I am sure I read Wuthering Heights. Maybe I was in high school. Probably not in college - I was a Math major. No reading lists there. I’m absolutely sure, though, that I got acquainted with—in some younger-me, innocent way—the characters of Cathy and Heathcliff.
Especially Heathcliff.
And while I don’t remember the specifics, I remember the feeling. It’s a chemical reaction, but one our minds eagerly welcome and accept. That whole wandering the moors in a dejected state thing. I’ve felt something like it a couple times, and while it’s rare enough that I don’t usually get too concerned about it, let’s face it: that feeling of strongly wanting to put something on an unending repeat loop can be worrisome. I mean, how many times can you listen to that one Bruce Springsteen song when you’re twenty years old? I’m sure I far surpassed the acceptable number of times I listened to Jungleland.
Why was I so obsessed?
Well, Jungleland is a pretty complex story: a story that takes nearly ten minutes of playing time to tell (which was quite unusual for the song’s era/genre). It’s highly imaginative. Realistic people inhabit it, and it whisks us away somewhere we must want to go to, as often as possible, to relive the tense fear, the hopelessness of those dark, after-the-bars-closed streets of a New Jersey shore town. I’ve wandered those streets, and remember them well. In other words, the feeling that the obsession triggers is persistent. It lies dormant in our memories, and the obsession reignites it. Every encounter feels like the first time.

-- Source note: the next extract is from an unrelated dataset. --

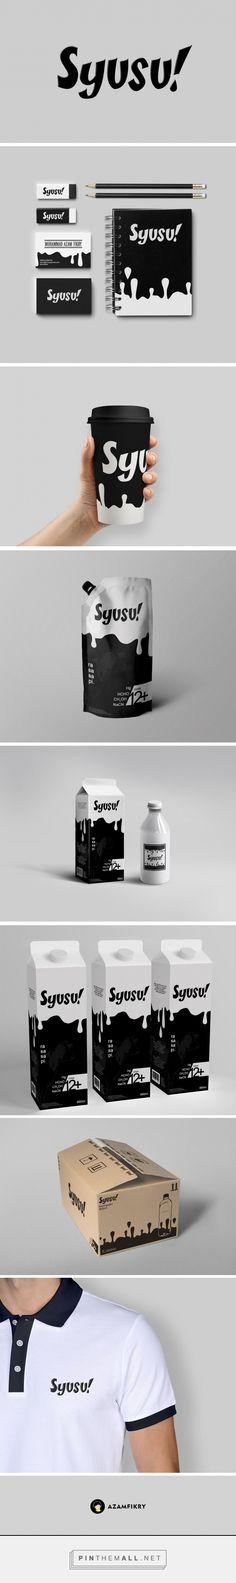 Milk branding and packaging. designer : Azam Fikry - created via https://pinthemall.net

But why do some stories, like Wuthering Heights, continue to trigger strong feelings, so many years after they were first written? What do some stories contain that lifts them, gives them life, causing us to crave them, over and over again?
Why do they persist?
I think some stories stay with us our whole lives. We feel at once lonely and connected, abandoned and united… when a story hits our hearts and worms its way into our minds. Stories that create obsession connect us to a world we don’t inhabit in the first-person, but they get us as close as possible without swallowing us up. It’s a mild form of insanity, to be sure. And it can turn bad. The thing to know is: we might think obsession controls us, but perhaps obsession is the very thing we totally control in our lives. We make the rules, we set the parameters.
Don’t we?
Wuthering Heights is, itself, a story about obsession. And Heathcliff isn’t real. But those moors—wet, wild, tortured—they are, indeed, real. How many of us will get the chance to go there? And aren’t we all just a little jealous that he gets to wander them so beautifully?
Stories are the physical manifestations of our own limitless imagination. When the waves crash onto the craggy beach, whether we’re mentally visiting the Jersey shore or the Yorkshire moors, we dance without leaving our armchairs, and Heathcliff is no longer alone. He has us.